UFC 194: Conor McGregor rules after stunning KO of Jose Aldo
Conor McGregor is the main man in UFC after his incredible knockout of Jose Aldo at UFC 194, and there might be nobody better for the role.
Ladies and gentlemen, meet your newest combat sports supernova.
Just four weeks after the octagonal organization's flagship had her Mike Tyson aura kicked to the Australian outback, a tough-talking Irishman swooped loudly into the Nevada desert and pieced together the fragments of UFC czar Dana White's marketing heart.
Conor McGregor, whose ego arrived in Las Vegas long before his flag-draped entourage did, nevertheless managed to make his latest MGM Grand appearance a historic one with the quickest title-fight stoppage in the promotion's two-decade existence.
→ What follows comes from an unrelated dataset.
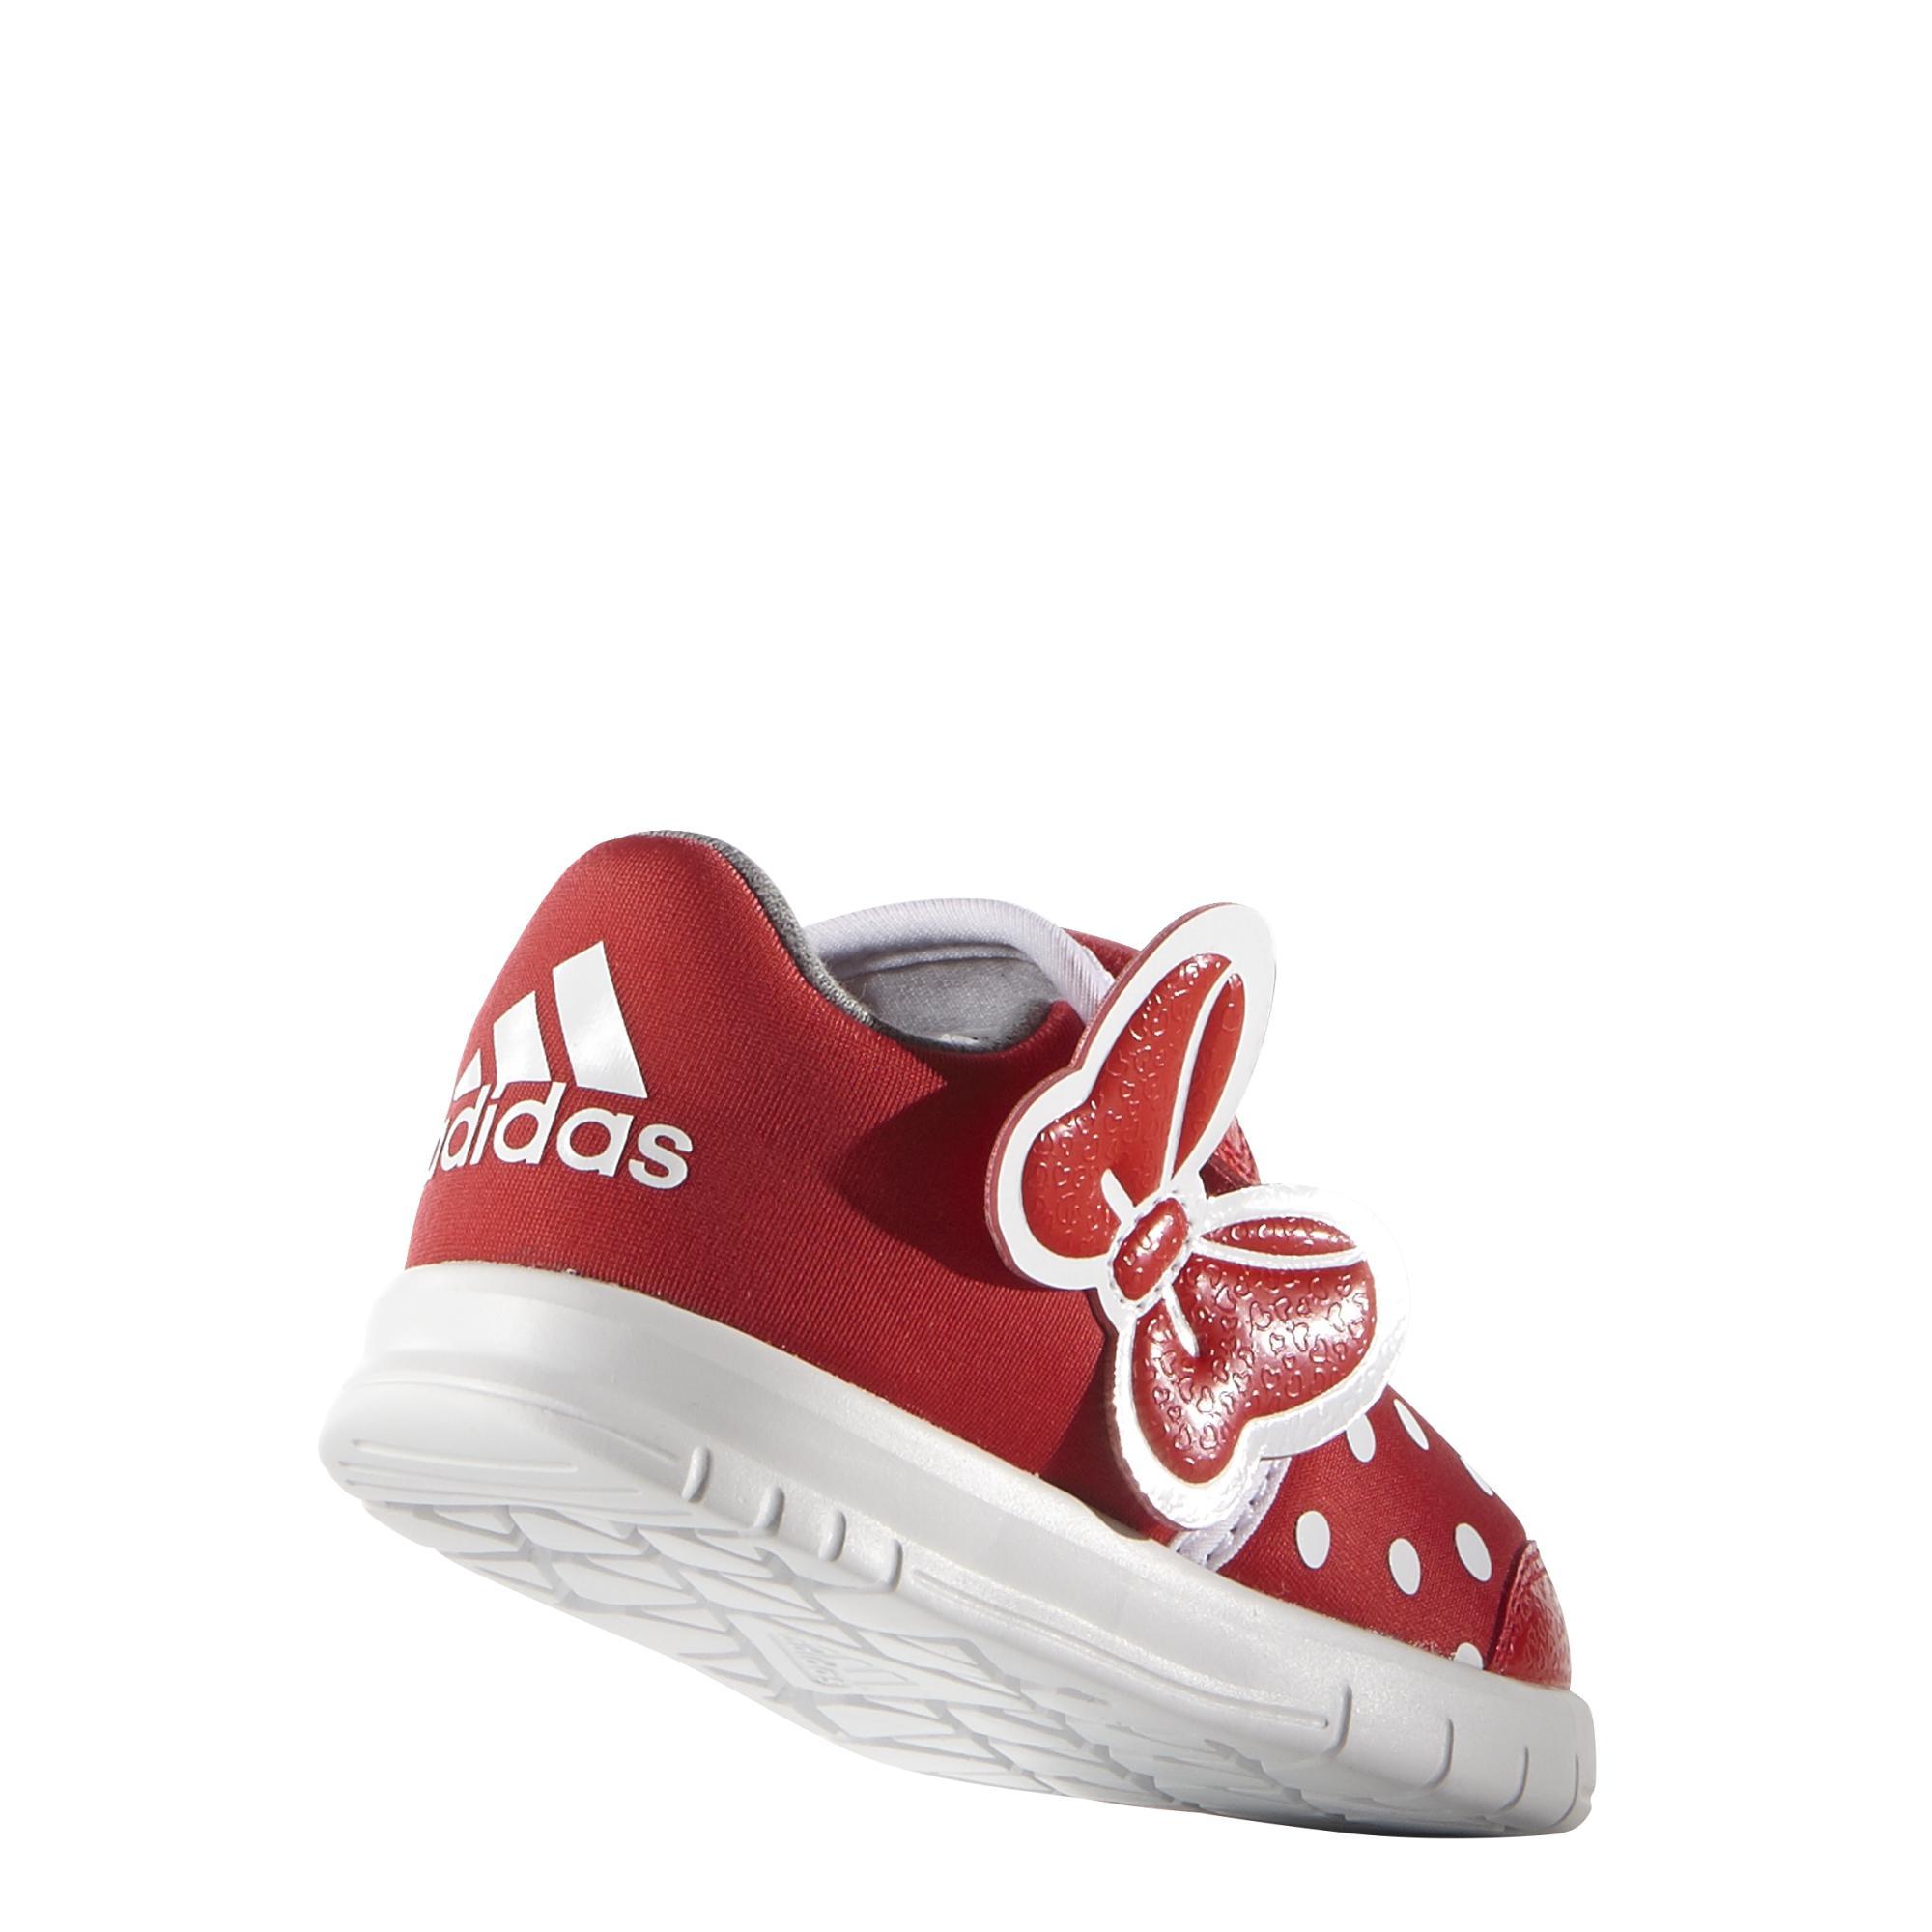 Adidas Disney Zapatillas Zapatillas Nina Nina Adidas Zapatillas Nina Disney Zapatillas Disney Nina Adidas Adidas Pn0Ok8w

In far less time than it took to order the pay-per-view -- a mere 13 seconds -- the unapologetically brash 27-year-old landed a left hand that simultaneously separated featherweight champ Jose Aldo from his consciousness, his hardware and the unbeaten run he had been on for more than 10 years.
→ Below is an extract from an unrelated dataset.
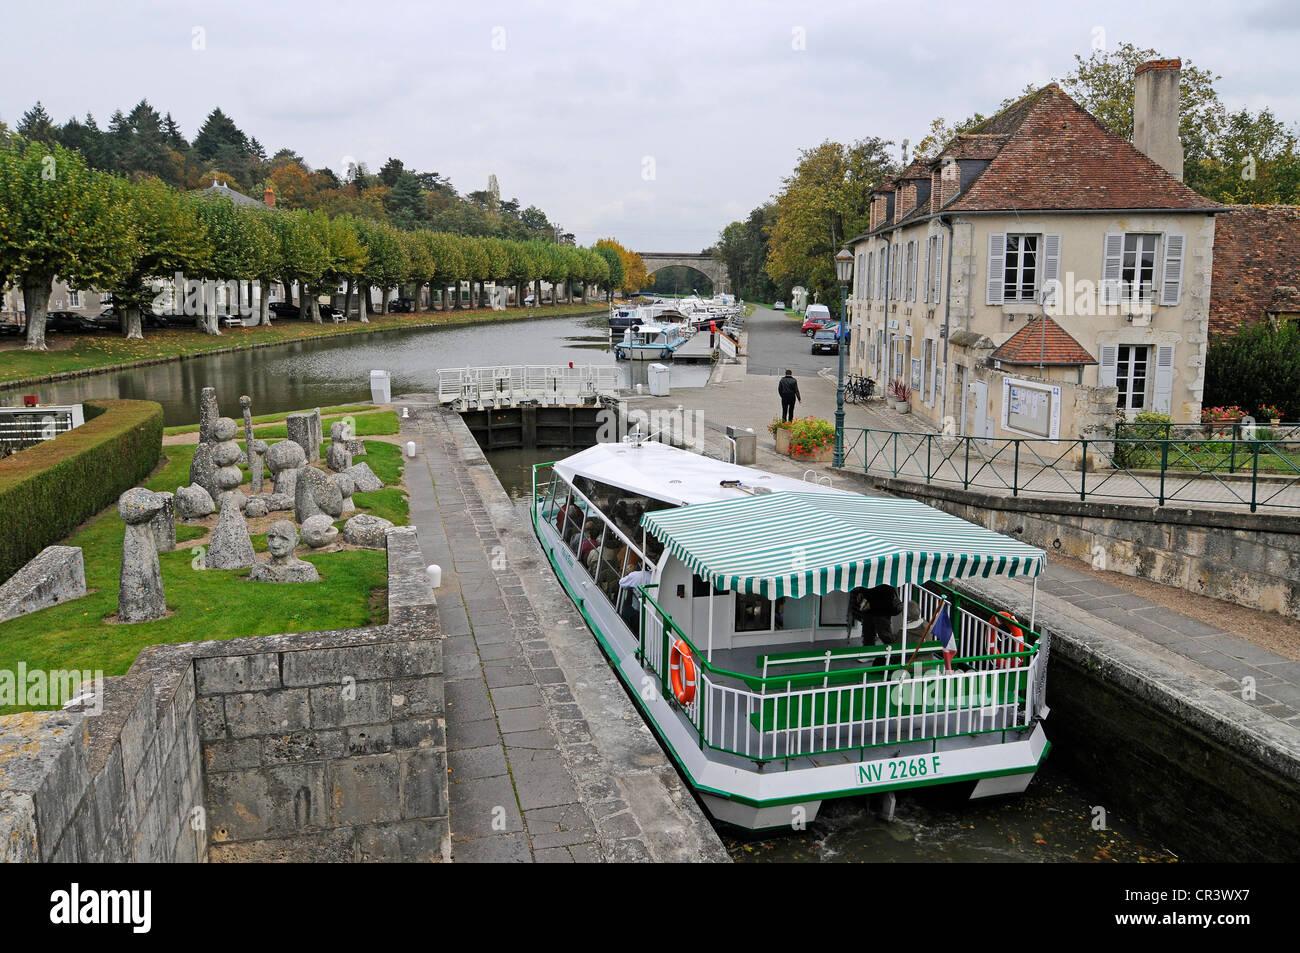 Ship in the lock, Canal latéral à la Loire, Loire side channel, Briare, Loiret, Centre, France, Europe, - Stock Image

The Brazilian was all but comatose by the time he hit the floor, and the two more hammer-fists that viciously finished the job might as well have confirmed McGregor's booking on the Tonight Show, The Voice and Dancing with the Stars, all at the same time.
"Nobody can take that left-hand shot," he said. "He's powerful and he's fast, but precision beats power and timing beats speed. These are fundamentals. That's all it takes."
And though Aldo sheepishly claimed that the quickness of the result warranted a rematch, the one-sided nature of both the fight and the promotional hoopla that preceded it indicates that McGregor -- more so than anyone else on the talent roster -- is the man around whom the near-term future revolves.
They're both elite fighters. But only one of them is an elite "it" guy.
The purists whose late money made Aldo a favorite will have no choice but to respect the way their nemesis backed up months of trash talk. The contrarians who wax rhetorical about the ills of political correctness will have him to turn to as a hero in case other flavors-of-the-month turn sour.
And the folks in the middle? Well, they'll have to at least concede his entertainment value.
"I'm carrying this whole damn game, and I love it," McGregor said. "It feels light. But the game, I'm carrying it on my shoulders, but it honestly feels light to me. I feel like they don't see the squats with the whole game on my shoulders because it ain't nothing."
From White's aforementioned perspective, his breakthrough couldn't have been timed any better.
Though Rousey's ascension allowed the UFC to expand into Brazil and Australia, her shocking demise put a damper on future promotional imperialism -- at least until she's able to win a rematch. But McGregor's win restarts the quest for world domination, presumably starting in his North Atlantic homeland.
White promised him beforehand that a win would grease the skids for a title defense at Croke Park, a Dublin venue that seats better than 80,000 for concerts and just more than 73,000 for rugby. Given those numbers, it's easy to imagine an easy smash of the company attendance record, which was set at 56,214 for the Rousey-Holm match in Melbourne.
"I would love for the Croke Park event to happen. It would be a dream come true," McGregor said. "But I respect good, clean business, so we'll discuss. We'll see. We have post-fight celebrations over a nice whiskey and discussing more big business."
And after that, batten down the hatches.
Not even the big screen is safe from turning "Notorious."
"I'd like to collect in action movies going forward," he said. "Hollywood is screaming for me, yes, so we'll see what happens in the future."